= Havre Electronic Bomb Scoring Site =

Havre Electronic Bomb Scoring Site (HC 30, Box 8000; Havre MT 59501–8000 in 1989) is a Formerly Used Defense Site for USAF evaluation of aircrews on training missions. The site was initially established for the 1965 Fairchild Trophy, the Strategic Air Command Bombing and Navigation Competition. (Havre Bomb Plot); the RBS Express was stationed at a siding near Chinook, Montana; and a new "temporary mobile radar site" 35 mi northeast of Havre, Montana, was announced in 1982 ("MDL 35"). The 1983 site was in Hill County, Montana, with seven semi-trailers, and a new permanent site was approved by 1984 for also north of Havre ("new operations facility and housing for 74 military personnel [planned for] late 1985.") "Upon decommissioning of [the mobile site at] Havre, MT Serial Number 7 went to Detachment 18, Forsyth, Montana for SAC Bomb-Comp 1987 and then to Detachment 20, 1 CEVG (Conrad, Montana) in early 1988."
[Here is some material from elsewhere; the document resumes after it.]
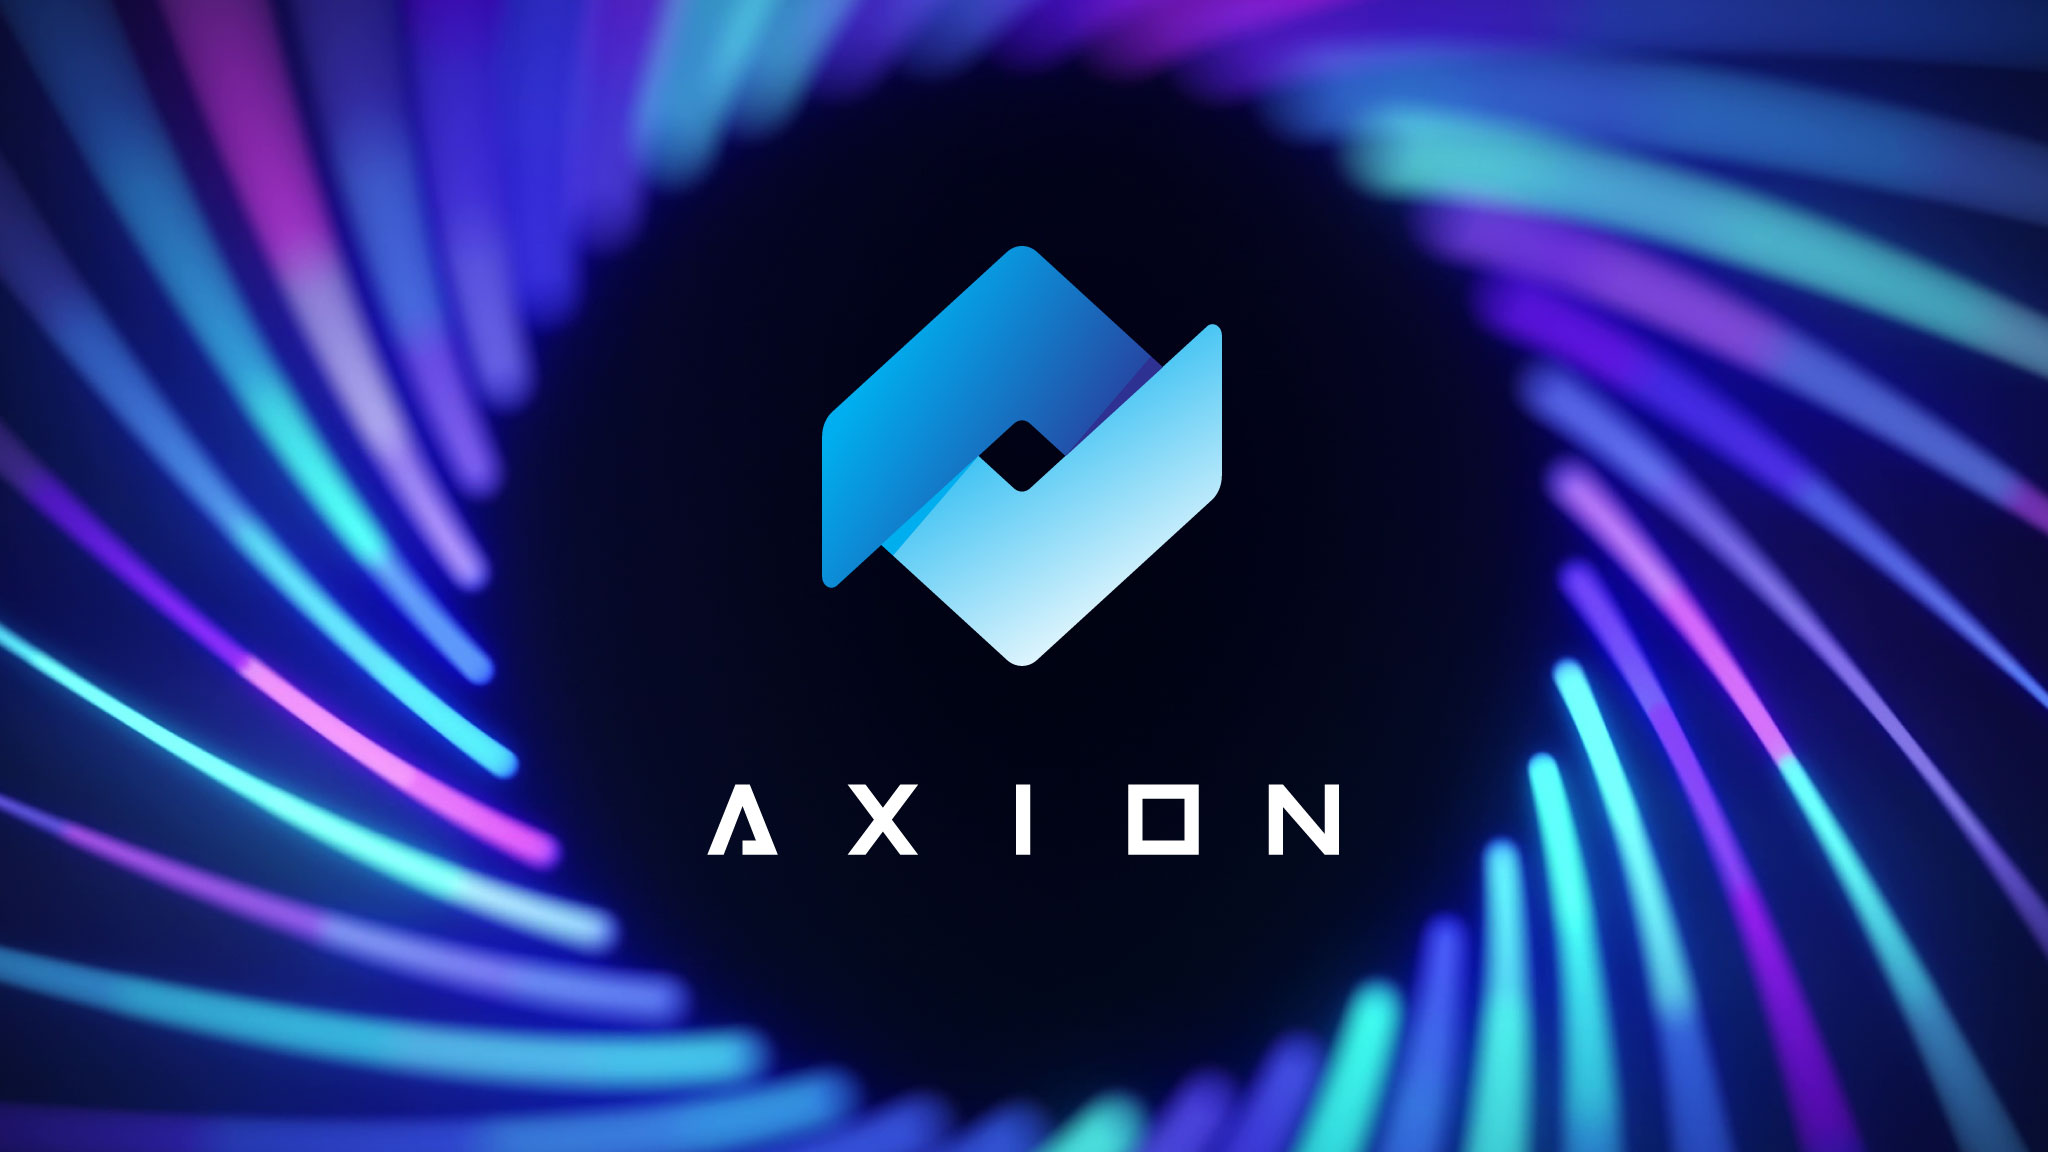 Axion Completes Migration to Polygon, Finished NFT Stakes, and More

In August 1986, the last Havre radar site was established when the Hawthorne Bomb Plot equipment from Nevada was emplaced at the permanent site. Detachment 17 of SAC's Radar Bomb Scoring Division operated equipment such as Radar Bomb Scoring centrals, jamming systems, and surface-to-air radar simulators. The site was 1 of the 6 permanent stations by 1989 along SAC's Strategic Training Range Complex used by the weapons school at Ellsworth AFB (SAC's Gen. Curtis E. LeMay Strategic Warfare Center activated August 1989.) Public Law 102–109 in 1991 allocated $700,000 for the Havre Strategic Training Range Site, which continued operations under Air Combat Command until June 1993. In 1998 at the Havre Training Site, Facility #1--Property Number 189530047, a one-story brick frame structure of 6843 sqft—was declared excess in the Federal Register.